Posted by Listen With Others on 14 November 2008


Listener No 4004    Signal Boxes  by  Ploy

I’d been aware for some time that Chambers 2003 contained entries for five logic circuit elements or “gates” (AND, NAND, NOR, NOT, and OR), with clear explanations of their functions.  Having spent my working life in electronics research, this appealed to me as a promising theme for a Listener crossword.  If it were not for simple electronic items such as these, many of the everyday devices we now take for granted would not exist.


My idea was that the grid would contain a logic circuit built up from a number of gates, with the solver having to select a self-consistent set of binary signal values (0 or 1) to complete the grid.  I also wanted to include references to George Boole (logic) and Claude Shannon (circuits), both key figures in this subject.  I decided to use one of each of the five gates in Chambers, and exploit some of the O’s and I’s in Boole, logic, Shannon, and circuit as signal values zero and one.  Surprisingly quickly I arrived at a suitable basic layout containing the key components, both electronic and lexical.  This had ten O/I clashes, five of them resolved by thematic names/words, the remaining five being uniquely determined by the nature of the gates.  Any prospect of having a symmetrical bar pattern was ruled out by the amount of thematic material I was trying to include.  The grid fill was then completed using Ross Beresford’s excellent Tea & Sympathy software, and took eight attempts.

The choice of title and preamble wording was intended to (misleadingly!) suggest a railway connection, my previous Listener puzzle, “Travelling Light”, having had such a theme.  In the event, however, a fair amount of time passed before “Signal Boxes” was published, though a number of solvers did comment on an initial, apparent connection.

Clue writing was straightforward, there being no gimmicks to take care of, and I was able to introduce a scattering of railway terminology in them, just for fun!

While I was fairly certain that most solvers would make progress by initially noticing “logic” or “Boole” in the grid, I appreciated that there would be much less familiarity with the name “Shannon”.  I was relieved to learn later that there is an entry for Claude Shannon in Chambers Biographical Dictionary, so any complaints about obscurity would not be on very strong grounds.

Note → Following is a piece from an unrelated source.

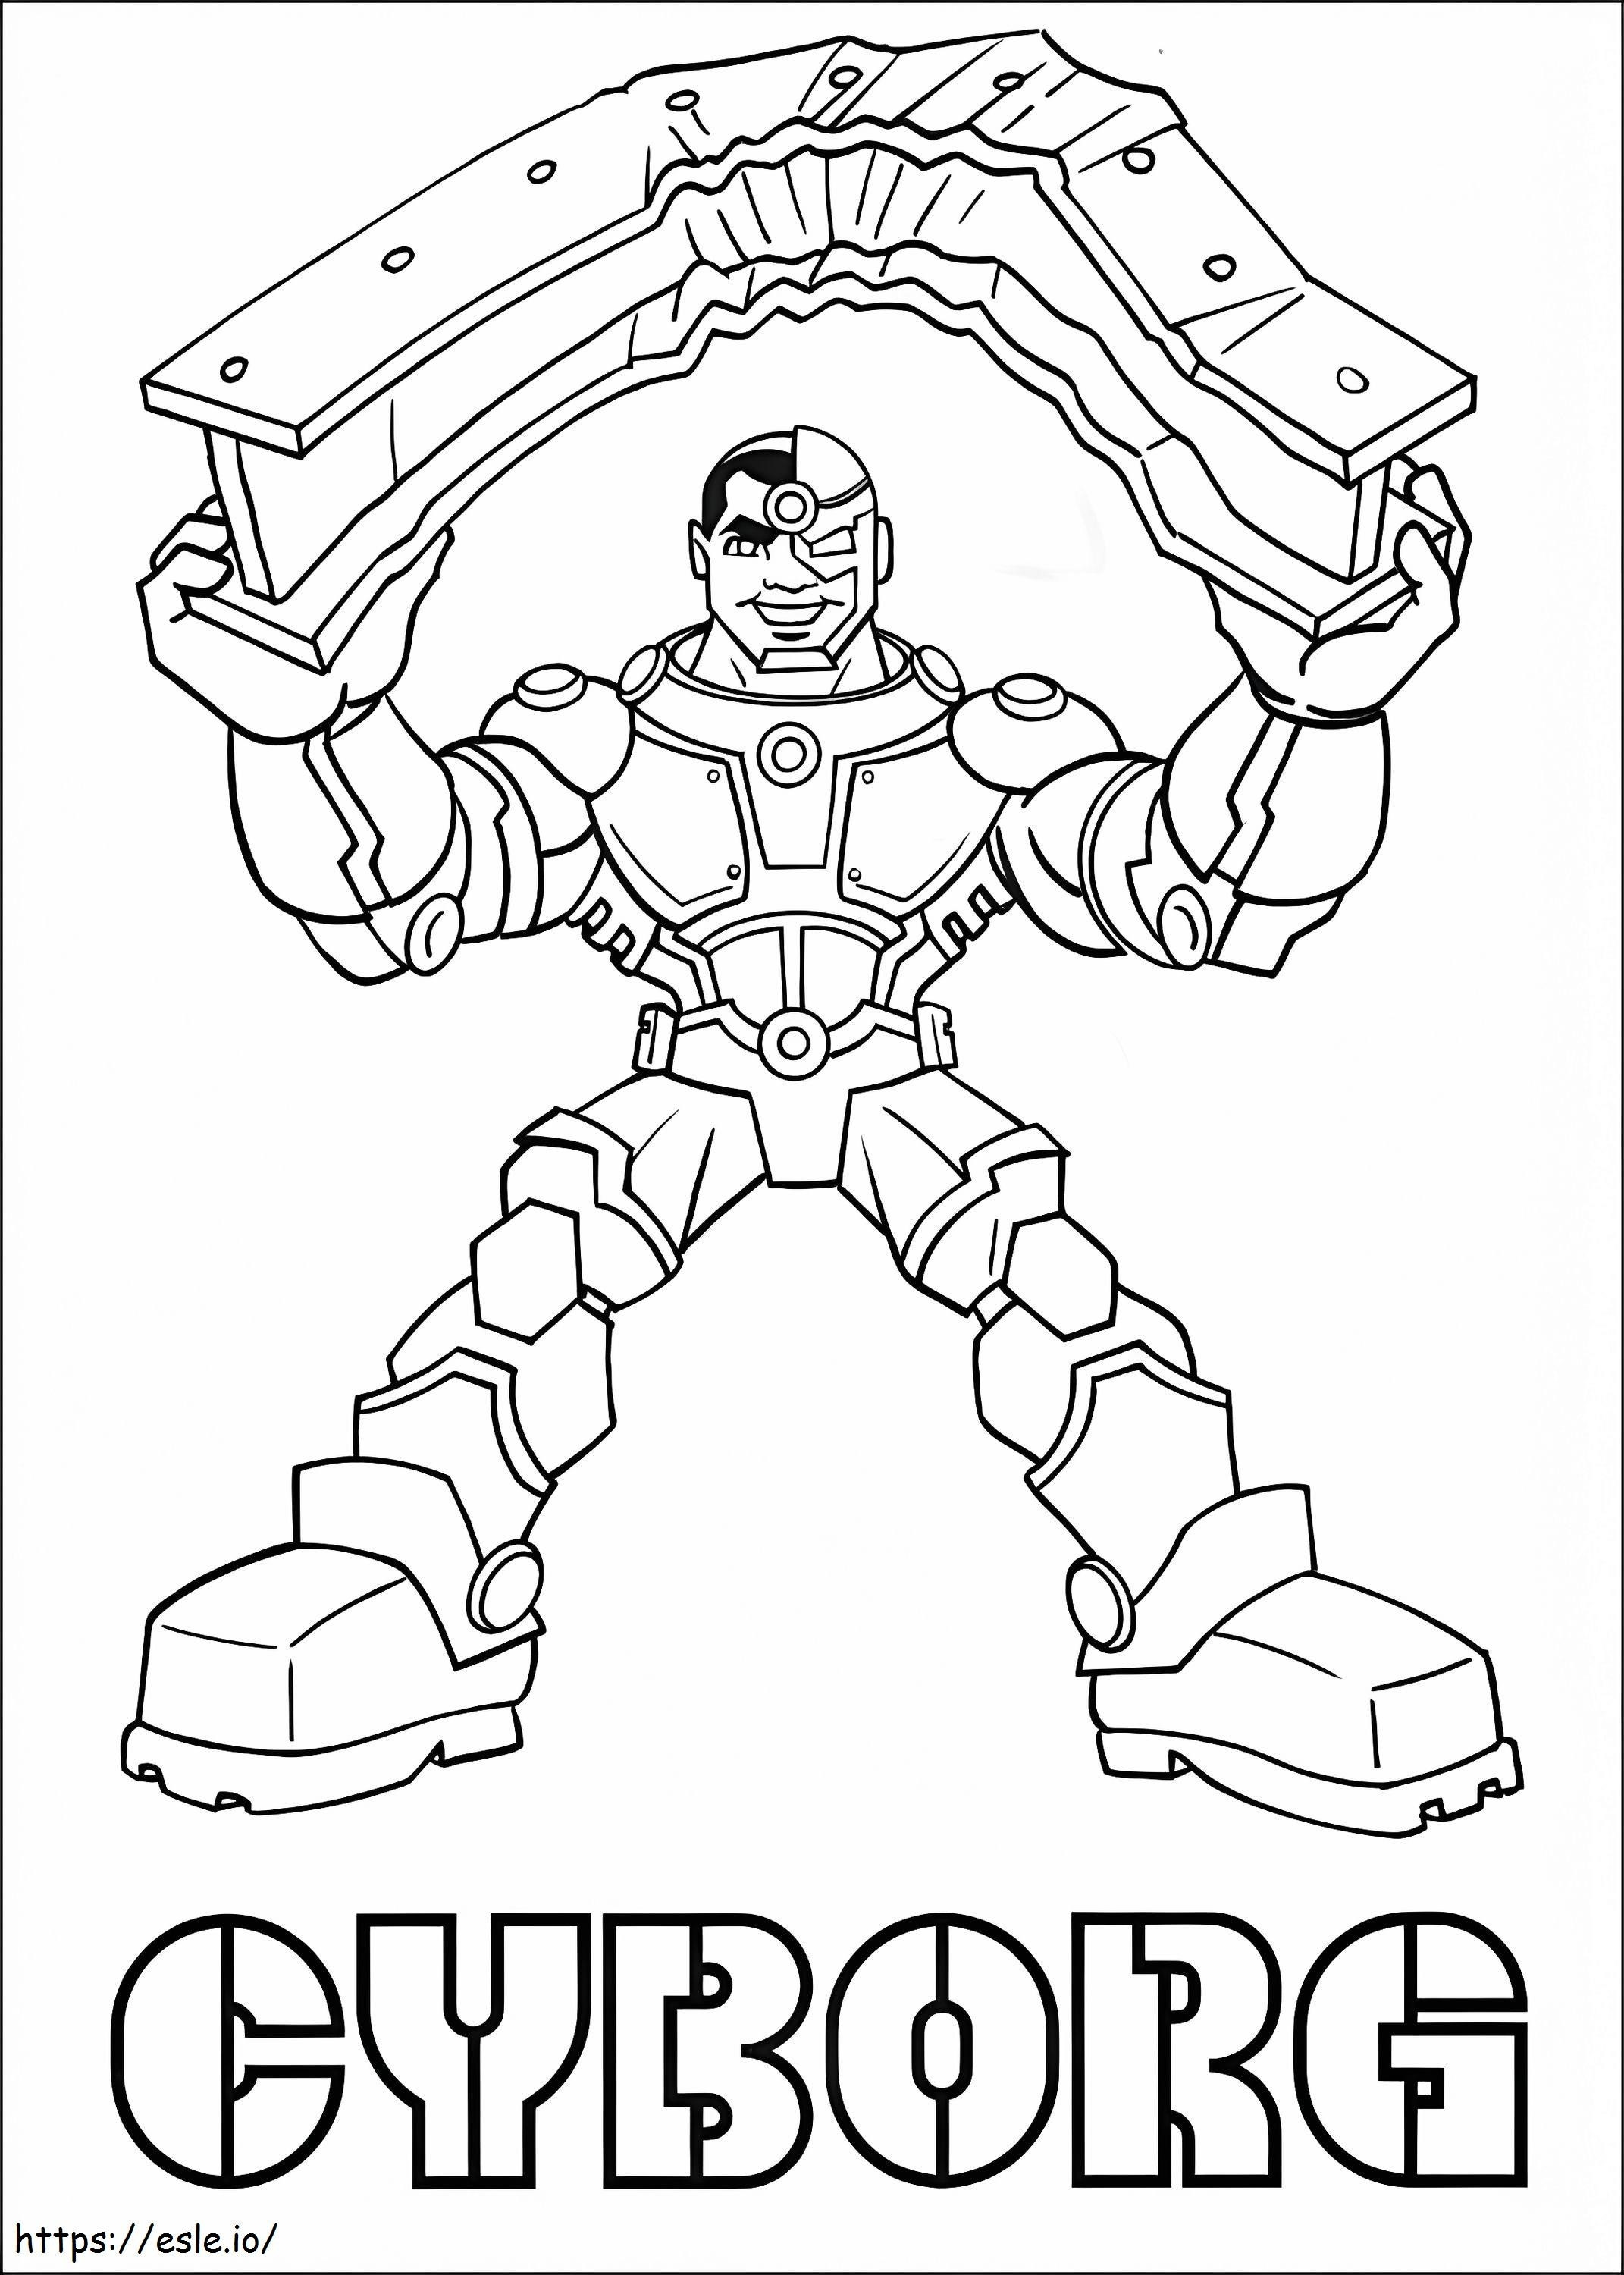 Cyborg From Super Friends coloring page

I was delighted to find that overall the puzzle received a very good reception, and that nobody seemed to mind that a crossword required the solver to perform some mathematical processing.

The most common error was, perhaps predictably, incorrect assignment of one or more of the five “free” signal values.  Opinion was divided as to whether the final stage was straightforward or not, as is often the case with puzzles where there is some “business” to attend to once the grid has been filled.  Comments on the clues showed that they were regarded as being on the easy side by Listener standards.

Digital circuits exploit other logic gates apart from the five I used, but in fairness I stuck to those with entries in Chambers 2003.  A solver’s remark on the absence of XOR in the puzzle prompted me to check the new edition of Chambers (2008), when I found that the two “missing” gates, XOR and XNOR, have now been added.  The puzzle might have looked different had I been setting it in 2009!